Inserting into large MySQL table without auto-increment primary key is very slow

Question

I've recently noticed a significant increase in the difference in time required to complete a simple INSERT statement. While these statements take about 11 milliseconds on average, they can sometimes take 10-30 seconds, and I've even noticed them taking more than 5 minutes to execute. MySQL version is 8.0.24, running on WindowsServer2016. As far as I know, the server's resources have never been overloaded. The server has ample CPU overhead available and 32GB of RAM allocated to it.
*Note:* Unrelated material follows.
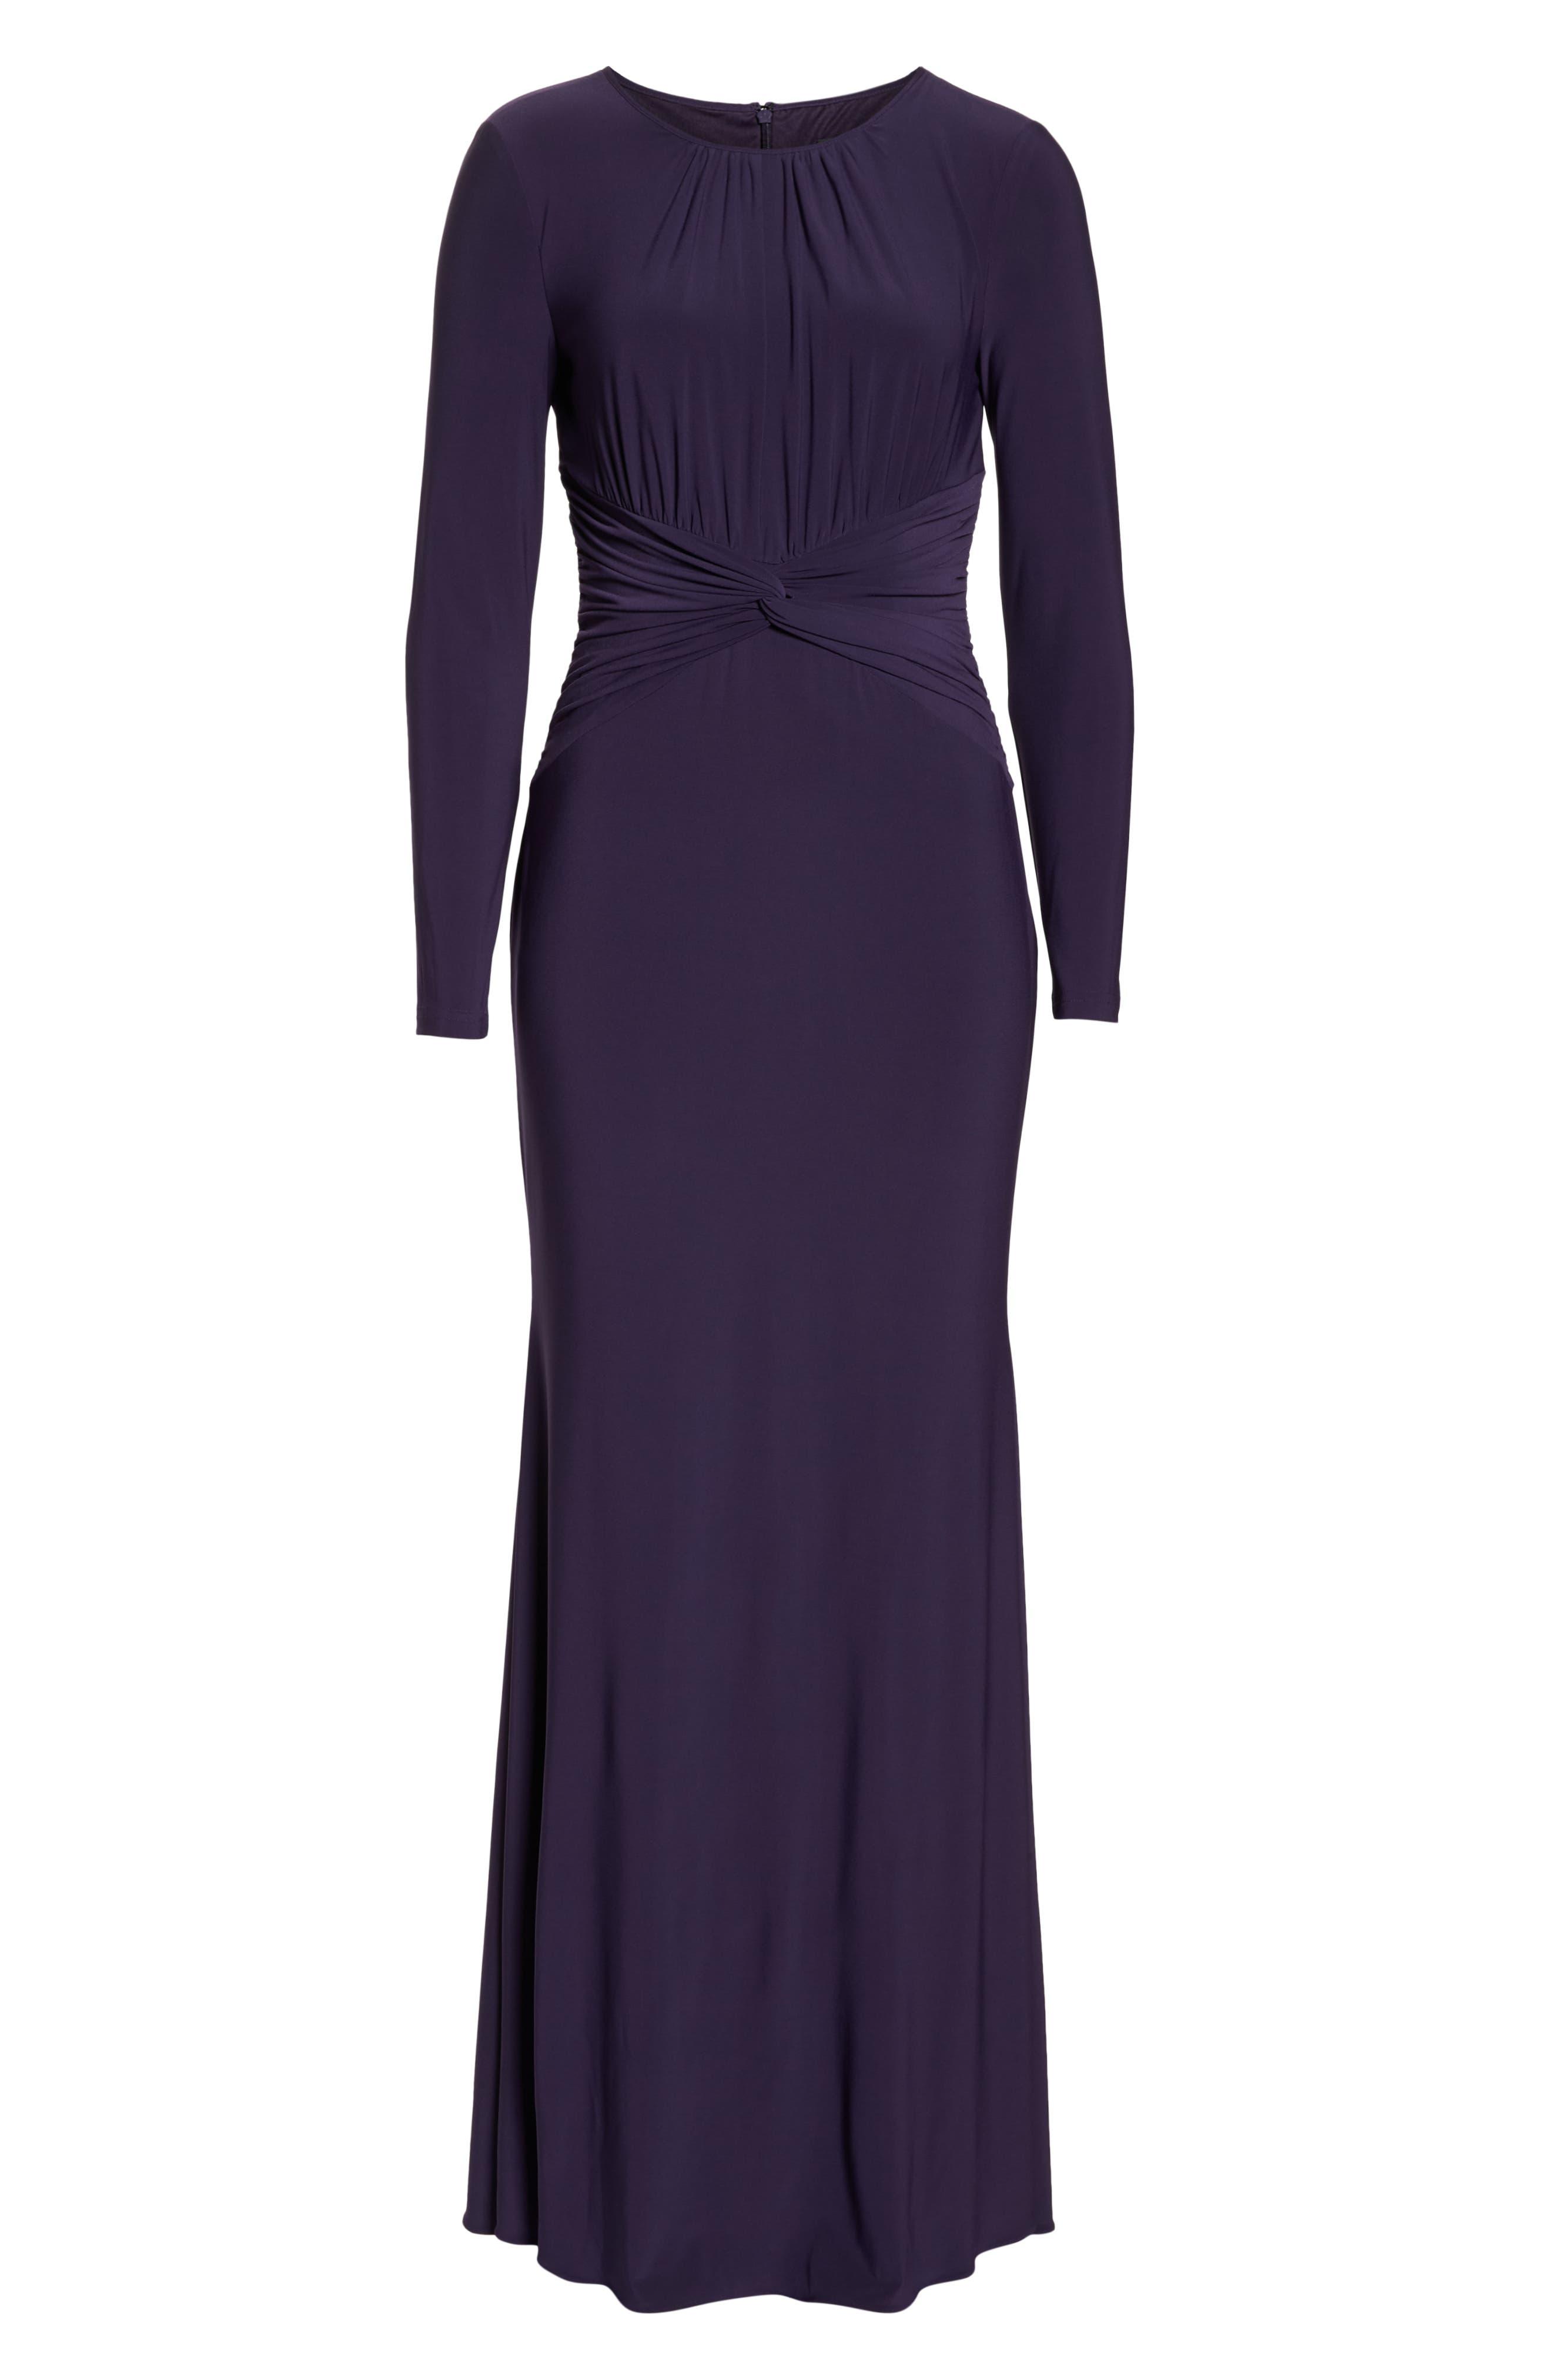 ADRIANNA PAPELL,                             Twist Waist Knit Dress,                             Alternate thumbnail 7, color,                             501

This is the table I'm using: CREATETABLE`saved_segment

P粉022140576 · Answer

I'll go out on a limb with this answer.

Assumption

innodb_buffer_pool_size has a value slightly less than 20MB, and
1K selections per second arrive at random parts of the table, then

Systems have become I/O bound lately, as the "next" block required for the next Select is more and more often not cached in the buffer_pool.

The simple solution is to get more RAM and increase the setting of this tunable. But the table will only grow to the next limit you purchase.

Instead, here are some partial solutions.

If the numbers are not too large, the first two columns may be INT UNSIGNED (4 bytes instead of 8), or even MEDIUMINT UNSIGNED (3 bytes) . Note that ALTER TABLE will lock the table for a long time.
These start and end times look like timestamps with fractional seconds and are always ".000". DATETIME and TIMESTAMP take 5 bytes (instead of 8 bytes).
Your example shows an elapsed time of 0. If (end-start) is typically very small, storing the elapsed time instead of the end time will further shrink the data. (But using an end time can make things confusing).
The sample data you provided looks "continuous". This is about as efficient as auto-increment. Is this the norm? If not, the INSERT may be part of the I/O thrashing.
You suggest adding artificial intelligence as well as secondary indexes, which doubles the work of inserting; so I don't recommend it.

More

Yes, that is the case.

Putting this as INDEX, or better yet, as the beginning of PRIMARY KEY will give you the best help with both of your queries:

(recording_id, index)

reply:

SELECT  TRUE
FROM    saved_segment
WHERE   recording_id = ? AND `index` = ?

If it is used to control some other SQL, consider adding it to the other SQL:

... EXISTS ( SELECT 1
        FROM    saved_segment
        WHERE   recording_id = ? AND `index` = ? ) ...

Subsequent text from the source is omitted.